Guest Blogger, Adam Durnham, on Writing

How to Improve Your Creative Writing Skills by Adam Durnham

Creative pieces are usually meant to entertain, but since readers often want more than mere entertainment, they expect literary pieces to challenge the mind and tickle the imagination. For some, writing or reading literary pieces could also be a form of art therapy.
Though these standards are quite simple, they may put more pressure on writers. The more advanced readers are, the higher the standards they set for the authors’ literary pieces.
Here are four tips that can help people improve their creative writing skills:
Do not underestimate your readers’ ability to understand and imagine
Leave room for your readers to imagine the back story, the motivation of the characters, and the exposition (the elements that explain the story). You don’t have to reveal all of these in graphic detail all at once. You can give clues or foreshadow some events in the story, but be careful about revealing every element at the start of the piece. Let your readers use their imaginations and formulate theories.
Identify the key points of your story, specifically taking note of the following:
i. What is the main goal of your protagonist? Try to create a protagonist who is interesting or unique in some way.
ii. What are the relevant actions your protagonist takes towards the completion of his or her goal? The protagonist of the story could make conscious decisions that drive and direct the entirety of the story.
iii. What are some unexpected outcomes of the protagonist’s decision(s)?
iv. What are some details related to the literary piece’s setting, tone, and dialogue that can help you reveal the story to the readers?
v. What is the climax of the story?
vi. Will readers find any morals from the story?
vii. How will the story end?
Pay attention to character development
To create realistic, multifaceted characters, it is important to understand and describe characters. To help you develop your characters, consider examining one or more of the following details:
● Name
● Age
● Appearance
● Family and relationships
● Ethnicity
● Drinking habits
● Likes and dislikes
● Strengths and faults
● Illnesses
● Hobbies
● Pets
● Phobias
● Religion
● Job
● Residence
● Sleep patterns
● Nervous gestures
● Secrets
● Memories
● Temperament

Including such details can make it easier to define your characters. They can help you mold your characters, build storylines, and create dialogue. You might want to consider

● Appearance: Create a visual understanding for your readers so that they can vividly imagine what the characters look like.
● Action: Instead of simply listing adjectives to define characters, describe the characters’ actions to tell your readers what the characters do and what they’re like.
● Speech: Don’t kill the story’s momentum by explaining the plot in great detail. Instead, try to reveal the plot through your characters and their dialogue.
● Thought: Show your readers how your characters think. Show them the characters’ hopes, fears, and memories.
Create a great plot
A story plot tells us what happens in the story. Writers establish situations, identify the story’s turning points, and determine the fate of each character.
Plots are the sequence of events arranged by the writer that reveal the story’s emotional, thematic, and dramatic significance.
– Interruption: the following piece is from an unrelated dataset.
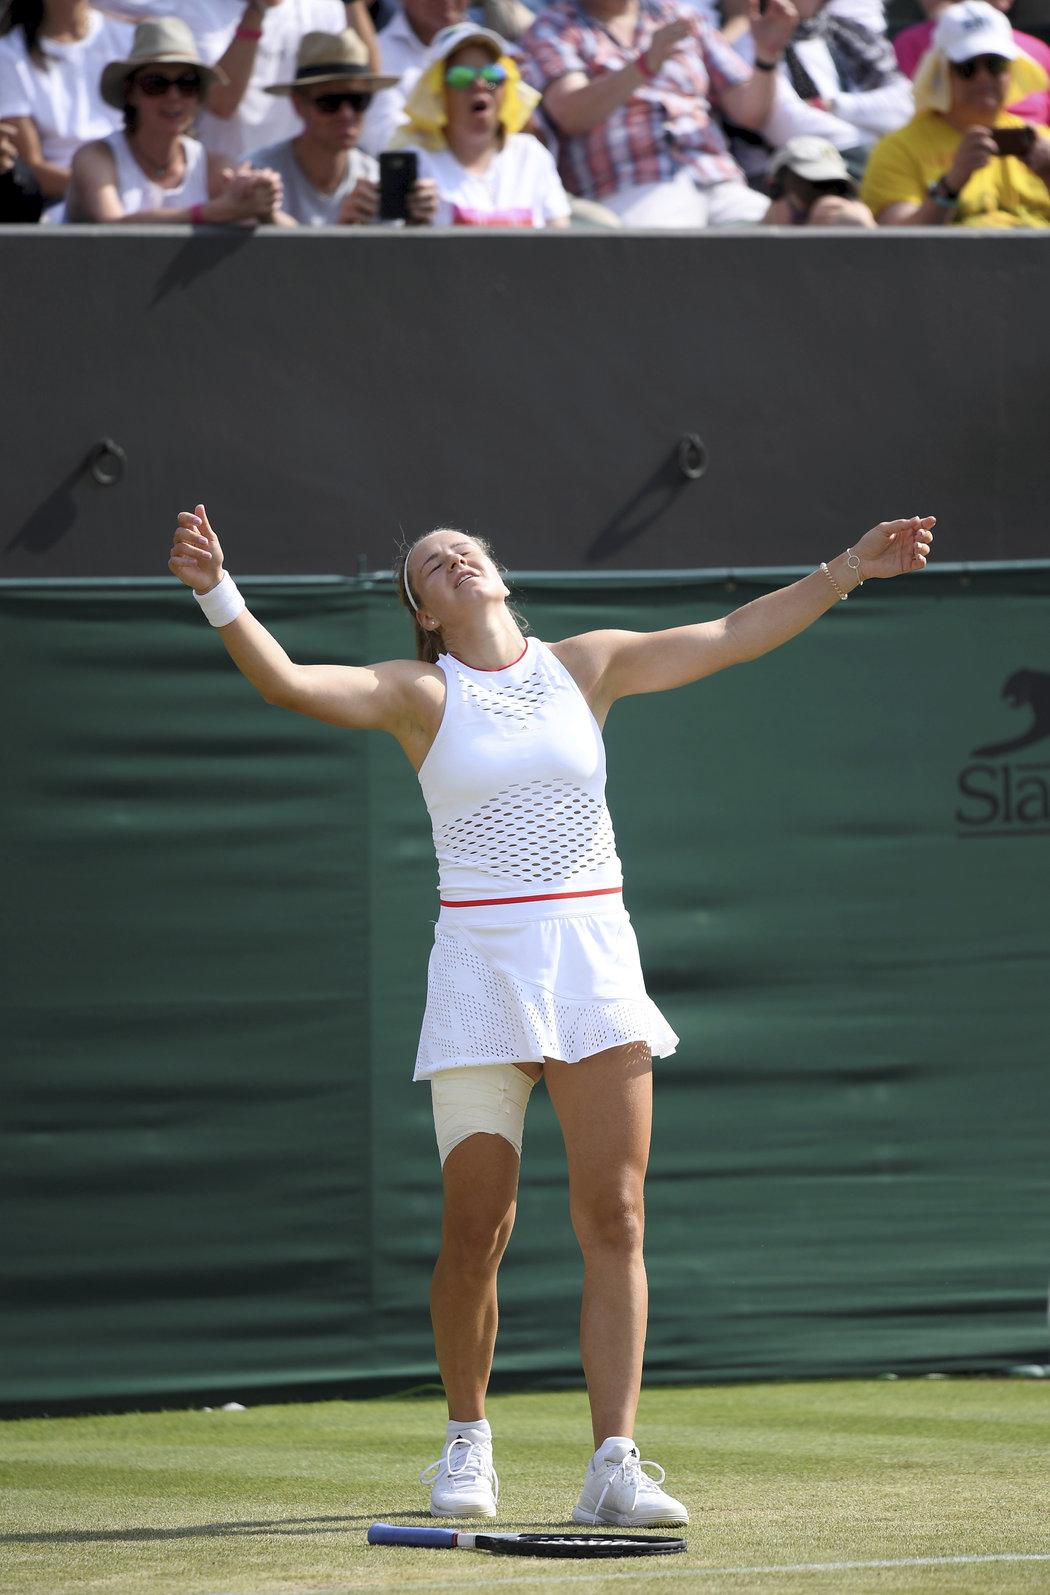 Euforie Karolíny Muchové po výhře nad Karolínou Plíškovou a postupu do čtvrtfinále Wimbledonu

To create a great plot, it is important to understand the following elements of the story:
● Hook: The stirring or gripping problem or event that catches readers’ attention.
● Conflict: A clash between characters and their internal selves, or between different characters, or even between characters and external forces.
● Exposition: The back story or background information about the characters and how this background information relates to the rest of the story.
● Complication: A problem or set of challenges that the characters face that make it difficult to accomplish their goals.
● Transition: Dialogue, symbols, or images that link one part of the story to another.
● Flashback: Something that occurs in the past, before the current events of the story.
● Climax: The peak of the story.
● Denouement: The story’s falling action or the release of the action that occurs after the climax.
● Resolution: The solution of the external or internal conflict.

Writing can be challenging if you don’t know the techniques. It can be a form of art or art therapy if you come to master it. Techniques and tips can help you build the literary skill you need. Practicing them can give you the experience to produce creative, well-crafted work.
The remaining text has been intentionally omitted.